AWS Partner Network (APN) Blog

How AWS Partners Can Drive Cloud Transformation for Customers Through Experience-Based Acceleration

By Maria Babilon, Sr. Manager, Customer Solutions – AWS
By Robert Heitzler, Principal Account Executive – AWS

The ability for AWS Partners to scale cloud transformation for their customers is essential to partners’ ability to retain and grow their business. Partners who have the transformation skill set are more likely to drive customer acceleration and higher customer satisfaction scores.

This post aims to educate AWS Partners on using Experience-Based Acceleration (EBA) as a mechanism to drive cloud transformation and increase time to value for Amazon Web Services (AWS) customers.

The information we present here will enable AWS Partners to leverage the EBA methodology, and we’ll highlight best practices for rapid modernization through agile transformation. By the end, AWS Partners will learn to scale EBA across enterprises to drive cloud maturity through key stages of adoption.

Overview of EBA Modernization Mechanism

Experience-Based Acceleration is a repeatable practice designed for customers to build capabilities and transform, de-risk, and accelerate their modernization programs and projects. It implies the EBA is a complete process, and it is built upon tools, adoption, and inspection.

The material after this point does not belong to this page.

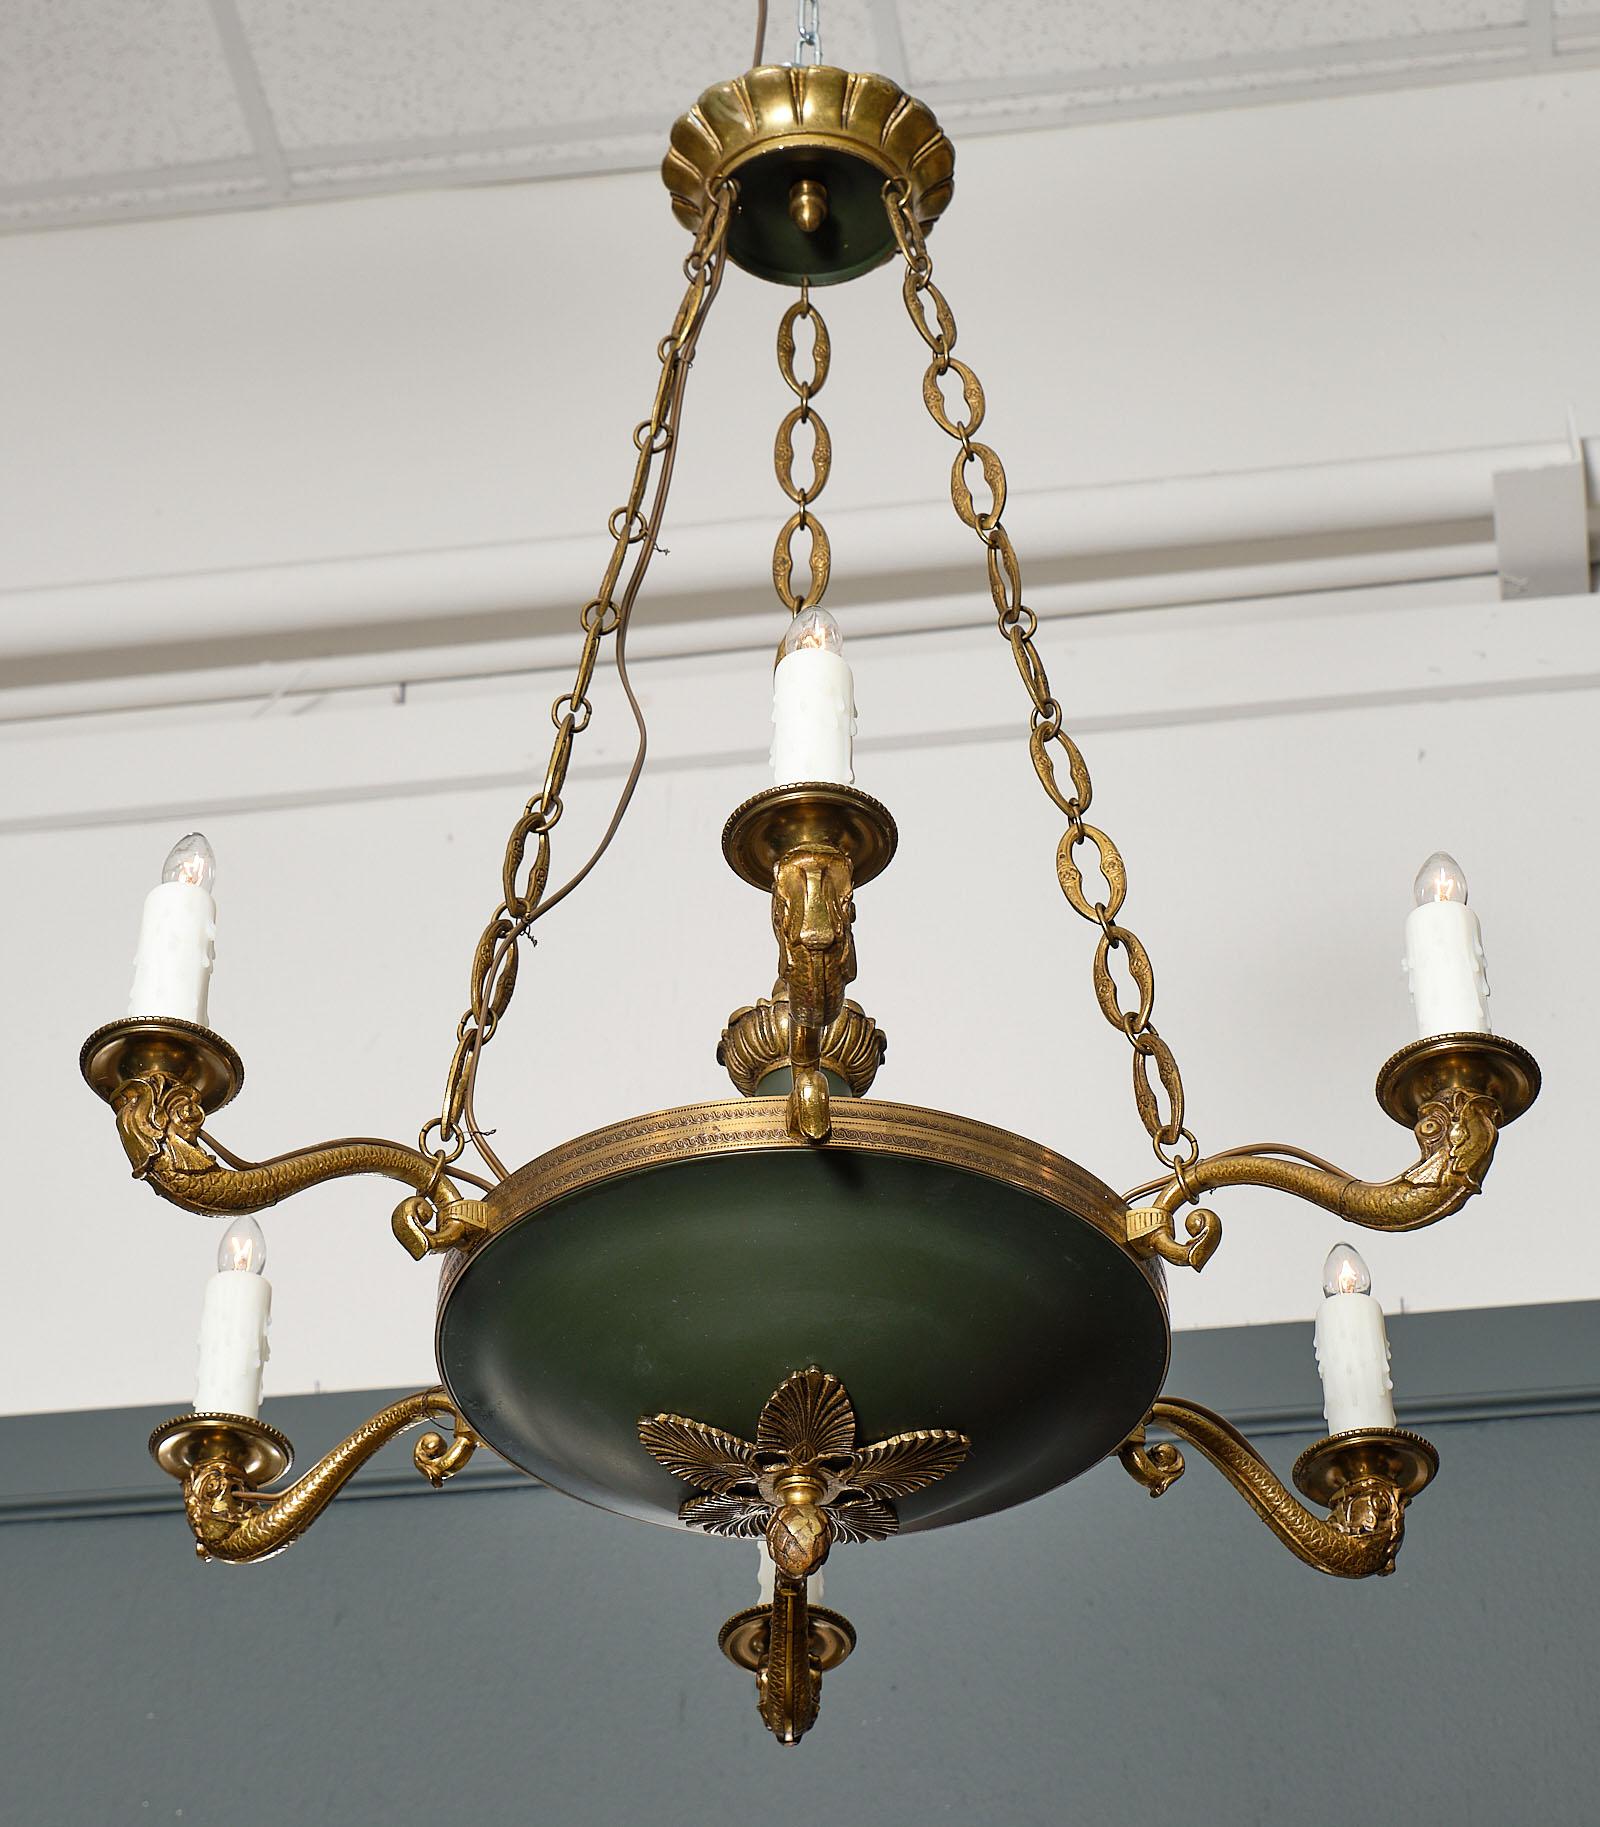 French Empire style bronze chandelier with six candelabra branches and featuring a dark green lacquered body. The arms are beautifully stylized and cast bronze Roman dolphins holding the bobeche. The chains and canopy are all original. This piece

This EBA overview video provides the AWS representation of Experience-Based Acceleration.

Experience-Based Acceleration ensures quick wins for the customer in a compressed time frame, and focuses on both technical and non-technical friction points—including leadership, people, process, application, and technical—in order to break down organizational siloes and remove friction points.

The EBA is a transformation methodology with hands-on agile interactions to build customer and partner capability and accelerate business value. There are many different possibilities for EBA activities, but in this post we’ll look at the Modernization EBA that is partner-led.

Modernization EBA to Improve the Customer Experience

Mechanisms such as Experience-Based Acceleration improve the customer experience by a focused approach to team-building communications (for example, succinct daily stand-up meetings) and workflows across departments, levels, the business, and IT.

EBA reduces time to value that is spent on “analysis paralysis” and continuous planning. AWS Partners leading the EBA will train the customer to become confident in their use of cloud skills in order to operate successfully in the AWS environment with less dependency on partners and AWS.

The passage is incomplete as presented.